MN Op. Atty. Gen. 624a-3 (November 2, 1998) (supersedes Op. Atty. Gen. 624a-3, May 7, 1968) 1998-11-02

Can a Minnesota statutory city move its city-owned telephone and cable television companies under a public utility commission that operates independent of the city council?

Short answer: No. The AG concluded that Minn. Stat. § 412.351 enumerates the public utilities a statutory city's public utility commission may take jurisdiction over (water, light and power, gas, sewer, and similar enumerated systems), and telephone and cable television are not on that list. Under the canon that enumerating things impliedly excludes others, the council cannot delegate operation of city telephone and cable services to the utility commission. The earlier 1968 opinion (also numbered 624a-3) that had reached the opposite conclusion was superseded.
Currency note: this opinion is from 1998
Subsequent statutory amendments, court decisions, or later AG opinions may have changed the analysis. Treat this page as historical context, not current legal advice. Verify current law before relying on any specific rule, deadline, or remedy mentioned here.
Disclaimer: This is an official Minnesota Attorney General opinion. AG opinions are advisory and inform local officials but are not binding precedent like a court ruling. This summary is for informational purposes only and is not legal advice. Consult a licensed Minnesota attorney for advice on your specific situation.
About this page: The plain-English summary, reader guidance, and Q&A below were written by Ezel based on the official AG opinion. The original opinion (linked at the bottom of this page, or PDF in the sidebar) is the authoritative source for any reliance.
View original AG opinion (PDF)

Plain-English summary

The City of Crosslake is a fourth-class statutory city in north-central Minnesota that owned and operated both a city telephone company and a cable television company. The city had created a local utilities commission by ordinance to manage these businesses. The commission set written policies and ran daily operations, but the city council retained general supervisory authority. The council wanted to go further: create a commission that operated independent of council control.

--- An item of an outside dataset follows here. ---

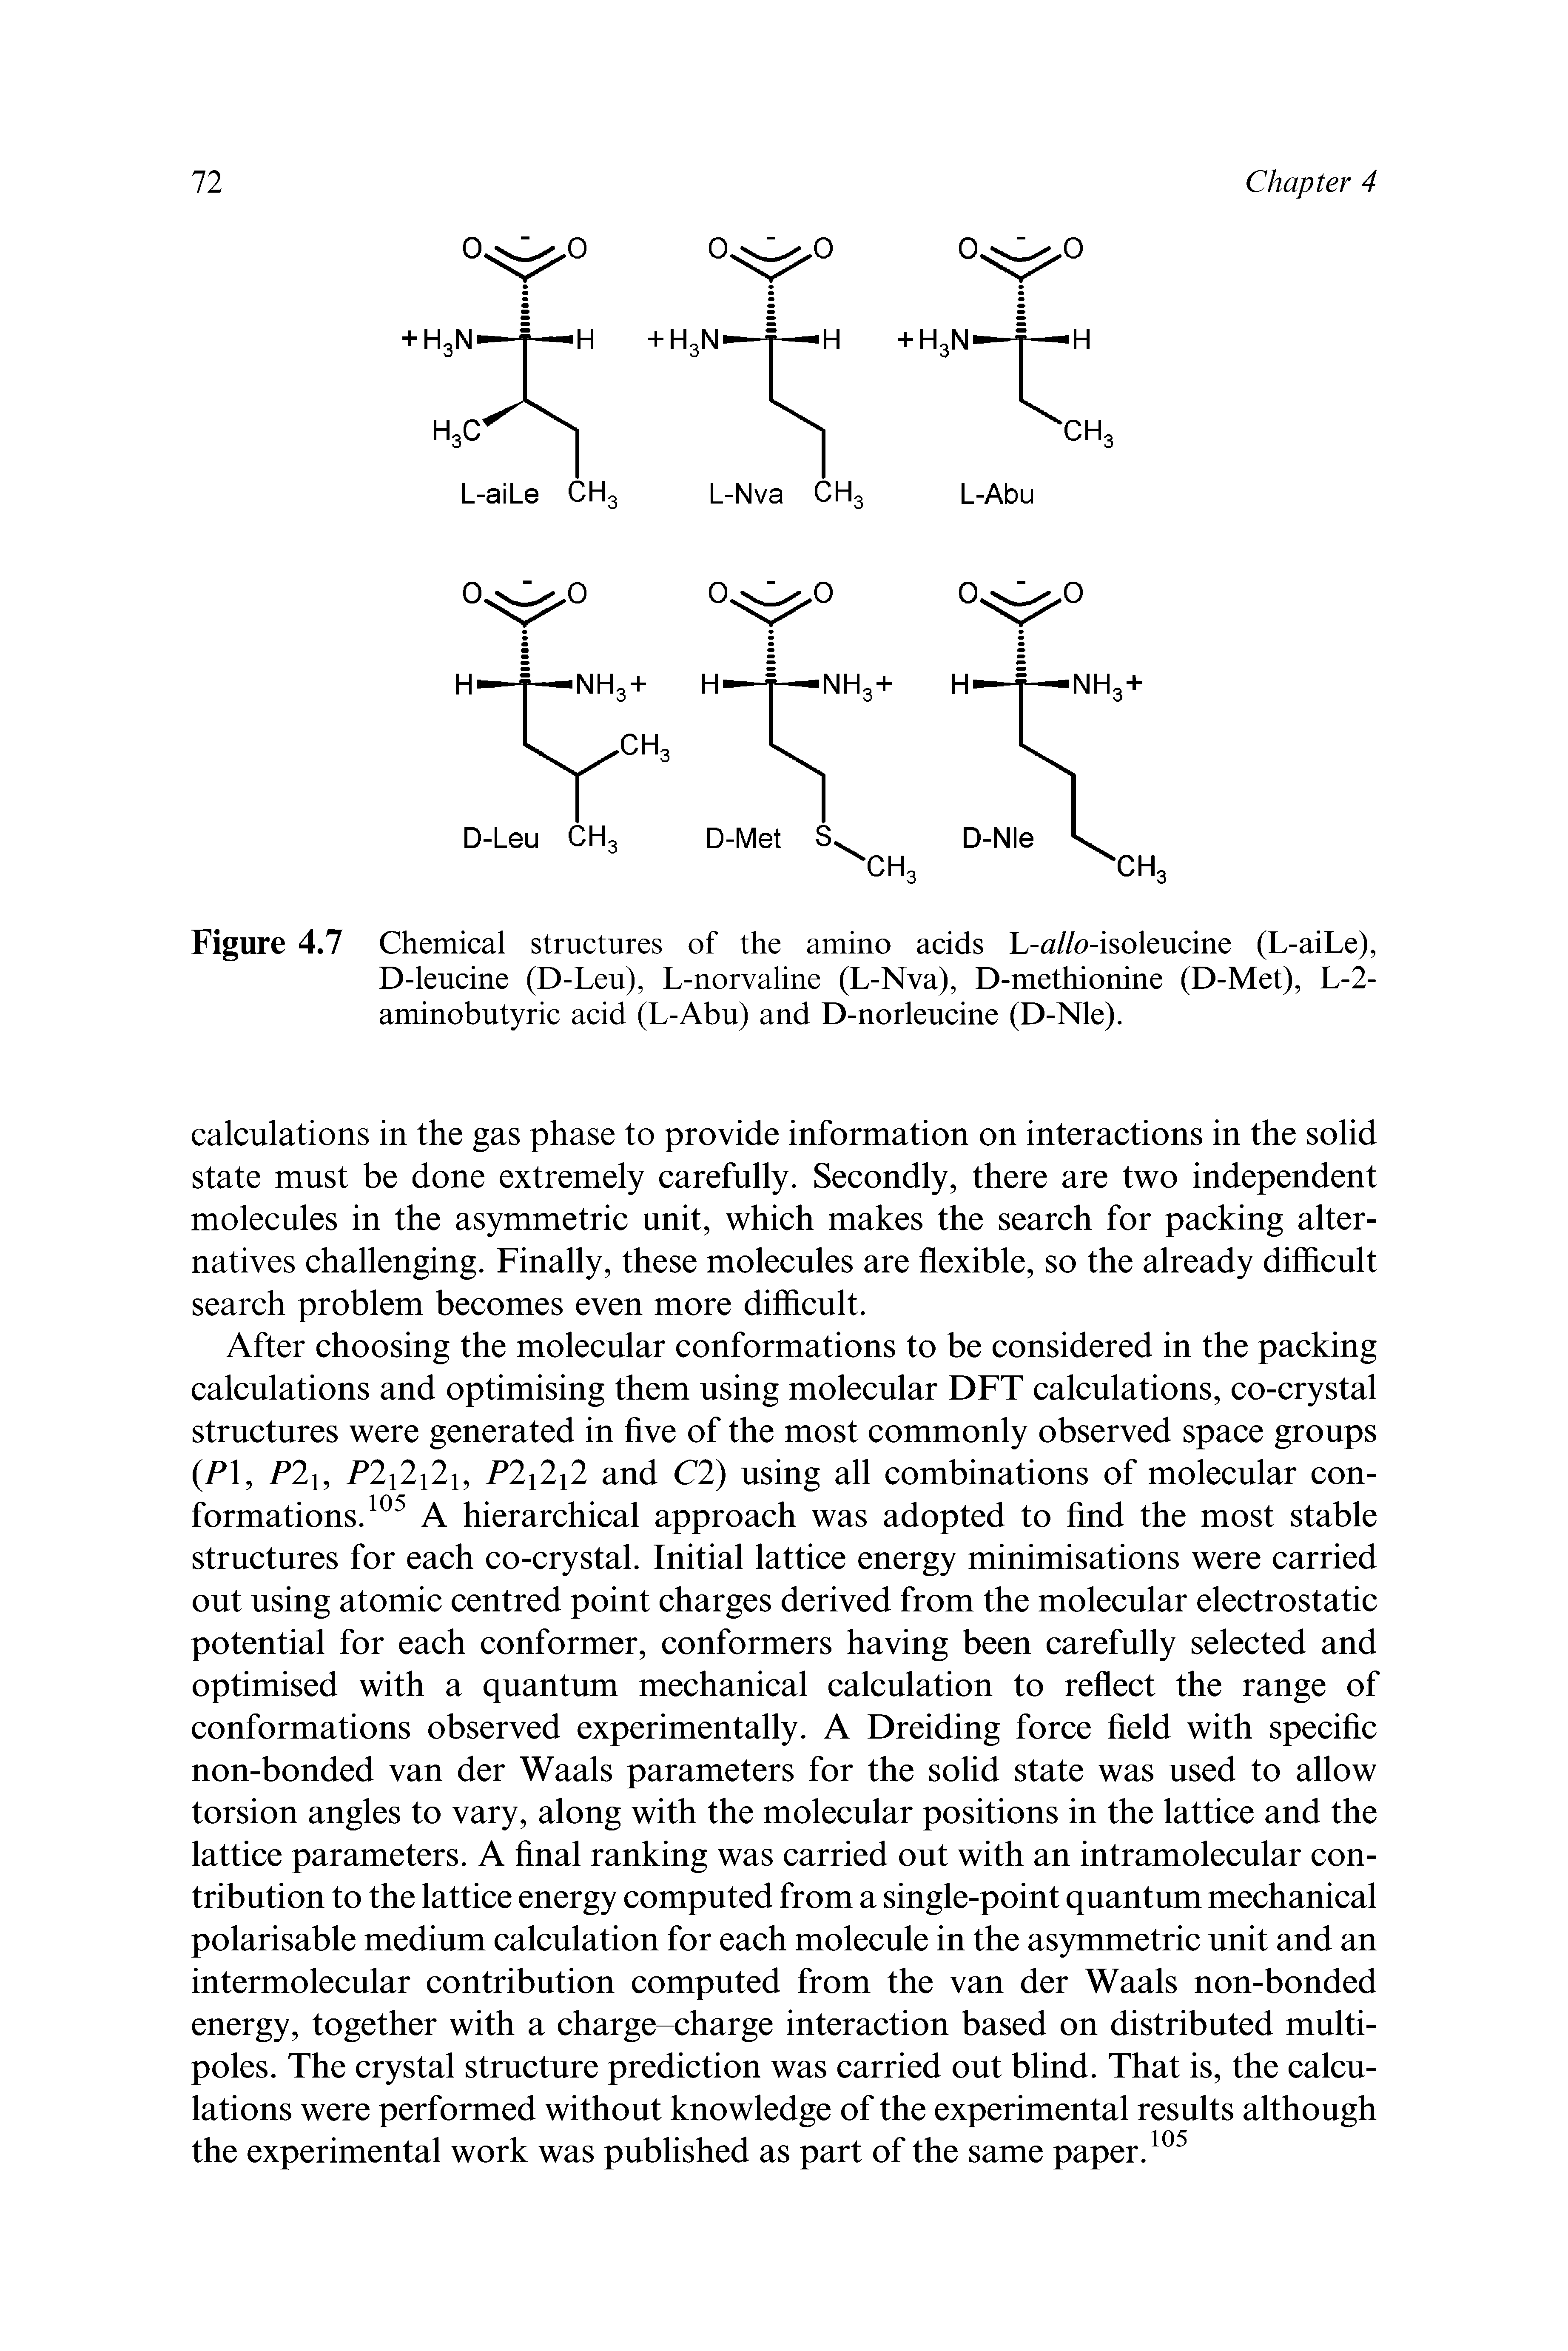 Figure 4.7 Chemical structures of the amino acids L- //o-isoleucine (L-aiLe), D-leucine (D-Leu), L-norvaline (L-Nva), D-methionine (D-Met), L-2-aminobutyric acid (L-Abu) and D-norleucine (D-Nle).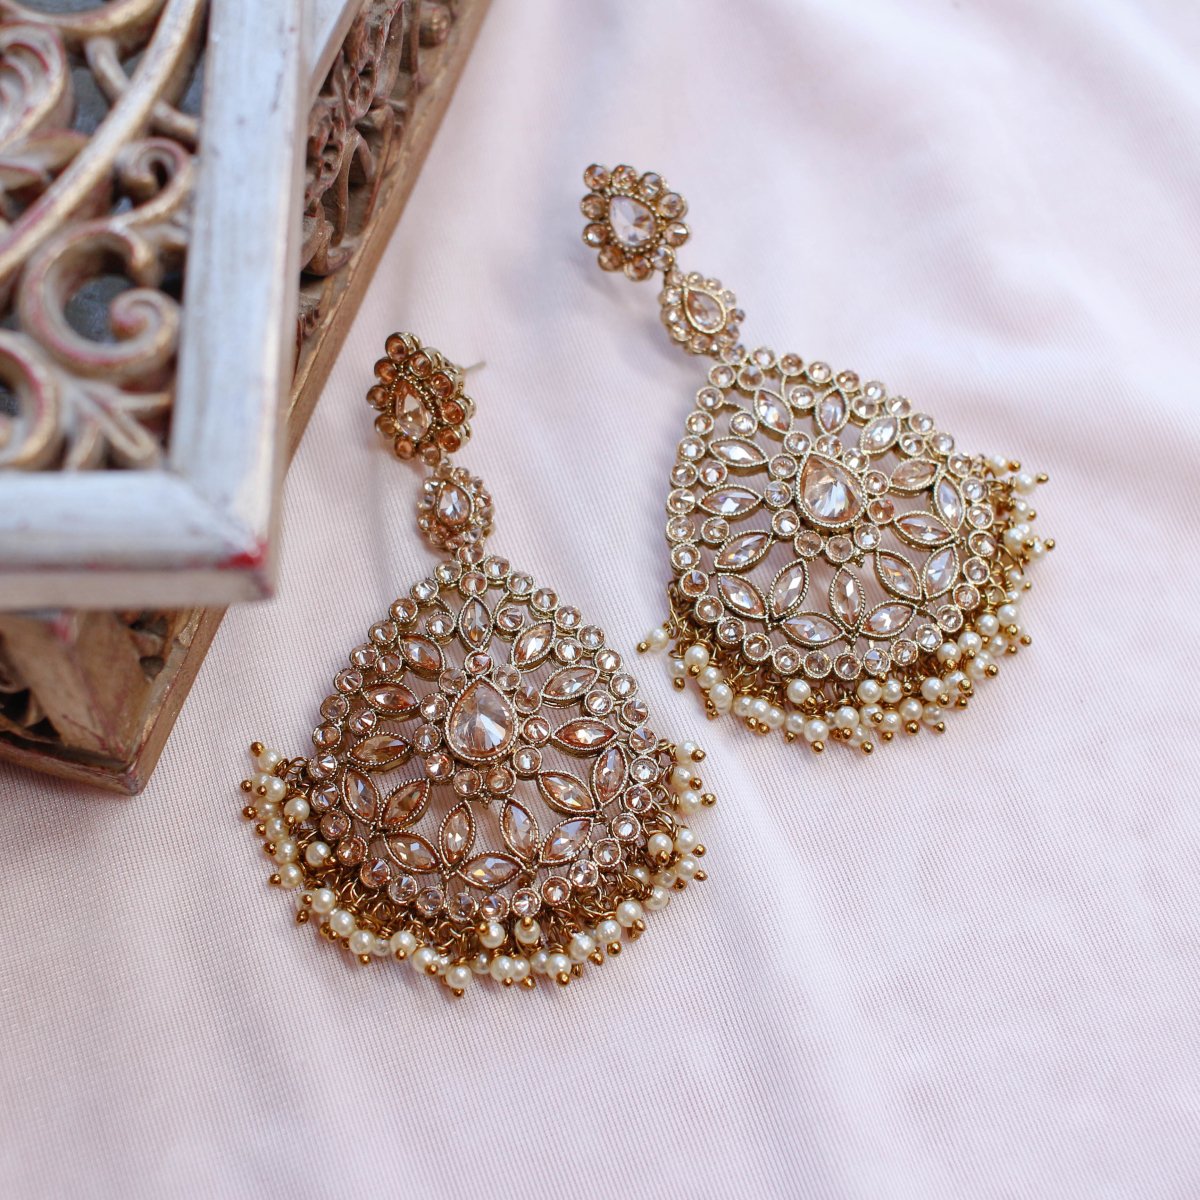 Antique Earrings Online | Antique Gold Earrings Designs | Kalyan Jewellers

Crosslake City Attorney Paul Sandelin asked AG Hubert Humphrey III whether the city had authority to create such an independent commission.

Assistant AG Kenneth Raschke, signing for AG Humphrey, said no. The 1998 opinion superseded an earlier 1968 opinion (same number, 624a-3) that had concluded such a delegation was authorized.

The reasoning had two layers.

First, the general rule: governance of a statutory city is vested in the council under Minn. Stat. §§ 412.111, 412.221, 412.241, and 412.271. Absent specific statutory or charter authority, local governing bodies cannot delegate powers calling for judgment and discretion. Muhring v. School District No. 31 (Minn. 1947) and the much older Minneapolis Gas and Light Co. v. City of Minneapolis (Minn. 1886) established the proposition.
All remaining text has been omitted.